» Work to complete:
Whatever the data contains, copy all of it exactly.
__________________________________________________
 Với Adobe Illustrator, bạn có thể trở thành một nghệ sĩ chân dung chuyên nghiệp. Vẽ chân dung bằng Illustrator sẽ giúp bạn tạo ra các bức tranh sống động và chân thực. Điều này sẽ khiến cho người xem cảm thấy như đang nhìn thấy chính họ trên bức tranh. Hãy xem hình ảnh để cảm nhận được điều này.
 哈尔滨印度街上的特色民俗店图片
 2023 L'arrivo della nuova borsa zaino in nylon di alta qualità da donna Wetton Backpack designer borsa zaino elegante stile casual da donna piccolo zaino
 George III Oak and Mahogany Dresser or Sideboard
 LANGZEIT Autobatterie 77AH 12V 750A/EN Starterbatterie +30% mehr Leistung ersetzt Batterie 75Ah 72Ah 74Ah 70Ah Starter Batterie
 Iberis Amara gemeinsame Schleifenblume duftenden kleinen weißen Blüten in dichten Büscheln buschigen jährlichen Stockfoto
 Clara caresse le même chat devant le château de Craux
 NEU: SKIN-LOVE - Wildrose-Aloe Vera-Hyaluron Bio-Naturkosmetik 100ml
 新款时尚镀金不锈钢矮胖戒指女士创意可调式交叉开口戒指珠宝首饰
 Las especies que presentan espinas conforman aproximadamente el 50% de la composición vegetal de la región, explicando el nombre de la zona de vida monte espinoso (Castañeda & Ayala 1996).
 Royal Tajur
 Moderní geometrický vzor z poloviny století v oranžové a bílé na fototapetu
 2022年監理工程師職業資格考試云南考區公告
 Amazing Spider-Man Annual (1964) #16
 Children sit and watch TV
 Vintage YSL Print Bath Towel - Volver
__________________________________________________
» Solution to the problem:
 Với Adobe Illustrator, bạn có thể trở thành một nghệ sĩ chân dung chuyên nghiệp. Vẽ chân dung bằng Illustrator sẽ giúp bạn tạo ra các bức tranh sống động và chân thực. Điều này sẽ khiến cho người xem cảm thấy như đang nhìn thấy chính họ trên bức tranh. Hãy xem hình ảnh để cảm nhận được điều này.
 哈尔滨印度街上的特色民俗店图片
 2023 L'arrivo della nuova borsa zaino in nylon di alta qualità da donna Wetton Backpack designer borsa zaino elegante stile casual da donna piccolo zaino
 George III Oak and Mahogany Dresser or Sideboard
 LANGZEIT Autobatterie 77AH 12V 750A/EN Starterbatterie +30% mehr Leistung ersetzt Batterie 75Ah 72Ah 74Ah 70Ah Starter Batterie
 Iberis Amara gemeinsame Schleifenblume duftenden kleinen weißen Blüten in dichten Büscheln buschigen jährlichen Stockfoto
 Clara caresse le même chat devant le château de Craux
 NEU: SKIN-LOVE - Wildrose-Aloe Vera-Hyaluron Bio-Naturkosmetik 100ml
 新款时尚镀金不锈钢矮胖戒指女士创意可调式交叉开口戒指珠宝首饰
 Las especies que presentan espinas conforman aproximadamente el 50% de la composición vegetal de la región, explicando el nombre de la zona de vida monte espinoso (Castañeda & Ayala 1996).
 Royal Tajur
 Moderní geometrický vzor z poloviny století v oranžové a bílé na fototapetu
 2022年監理工程師職業資格考試云南考區公告
 Amazing Spider-Man Annual (1964) #16
 Children sit and watch TV
 Vintage YSL Print Bath Towel - Volver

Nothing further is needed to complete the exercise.